Using a 0.11 CERA talent distribution, the results are not remarkable–about 49.73% of the catchers produced mixed results over

two years, 26.83% produced two correct results, and 23.45% produced two incorrect results. Perfect randomness would be expected

to produce 50%/25%/25%, so there’s a just a very slight tendency towards getting the two correct results. That’s still not

compelling evidence that this range of CERA ability would be detectable.

Up until now we’ve only been considering the "sign" of the catcher’s ability–that is, whether he’s a positive or

negative influence on the pitcher’s performance. We haven’t used the magnitude of the observed differences to help us understand

the problem in more detail. (I should note that part of Bill’s article does look at extreme observed results, but the following

discussion goes in a different direction than his line of inquiry).

Across large groups of similar catchers, some trends may be discernable if an ability exists. Specifically, if you look at a

large number of catchers who registered as below average in year 1, and a true ability exists, then the average observation in

year 2 should be lower than average, even if the year-to-year variation for individuals is very high.
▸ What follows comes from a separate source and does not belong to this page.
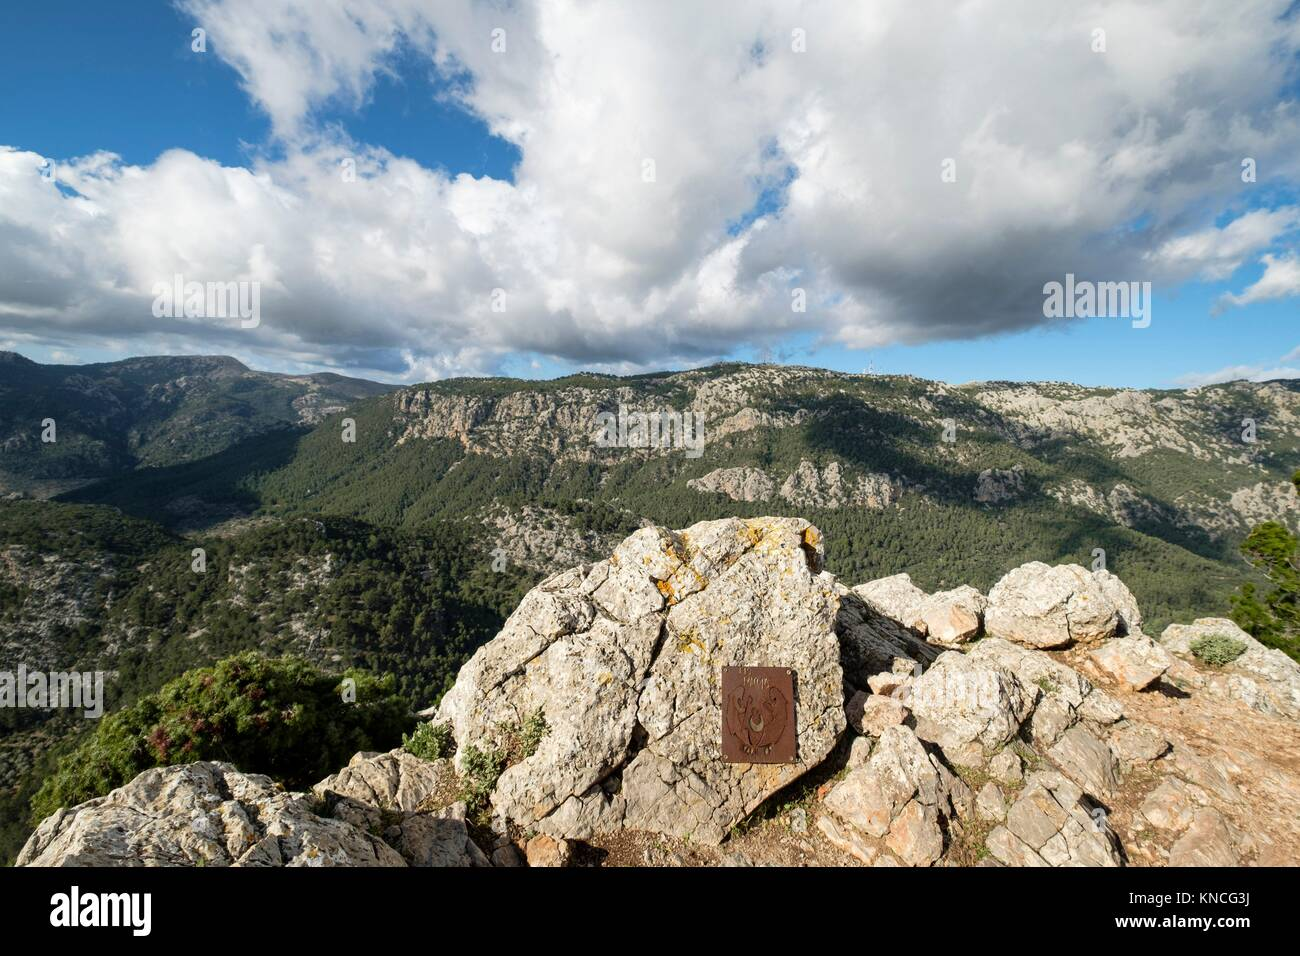 Penyal d Honor, 808 meters, Comuna de Bunyola, communal land, Bunyola, Mallorca, balearic islands, spain, europe. - Stock Image

Similarly, the top echelon

of catchers from year 1 should post an above-average collective performance in year 2. Conceptually, it makes sense, but

reality, of course, could be different. Should such an effect be detectable, or will the noise obscure the underlying signal, as

it did with the per-catcher analysis?

I took the 50,000 of the simulated catchers and divided them into 4 quartiles (numbered 0-3, just to be confusing), according to

their year 1 observed results. The 12,500 catchers who rated lowest in year one formed one quartile, the next 12,500 formed the

second quartile, and so on. The average year 1 performance for each quartile were, as expected, quite different, as they were

grouped on this basis:

The second step is to look at how each quartile did in year 2. Since we know that the underlying simulation included a catcher’s

ability component, if the statistical noise is too great, we should not expect to see a chart resembling the one above, but

rather one that is more random. If, however, the underlying ability differences are exerting enough influence in each year, then

some similarities should arise.

The year 2 results for each quartile are shown in the chart below:

The year 2 chart obviously bears some resemblance to the year 1 chart. Each quartile shows an increase in year 2 PR/PA compared

to the previous quartile. There is definitely some noise–the quartile 1 average isn’t quite as low as the a perfect

distribution would indicate, but the trend is clear.

In the follow-up to the BP99 article that appeared on our Web site in 2000, I limited the set of catchers and pitchers I looked

at to only those pairs of catchers who worked with the same pitcher over a significant number of plate appearances in two

consecutive years. This is very similar to the structure of the simulation, where the difference in underlying ability is

constant. In the real data, both catchers are constant, and if they have a "true" level of ability that doesn’t vary

tremendously from year to year, the difference between them will be relatively consistent from year to year. Note that this

doesn’t mean that the observed differences won’t vary, but rather the true gap between two specific catchers stays about the

same over two seasons.

By doing a similar sort of quartile analysis on the real catcher data (944 sets of data points), we can see if the year 2

average for each quartile looks like the simulated results. As before, I looked at the difference between the two catchers in

years 1 and 2. I divided the year 1 results into quartiles, and looked at the average year 2 difference in PR/PA.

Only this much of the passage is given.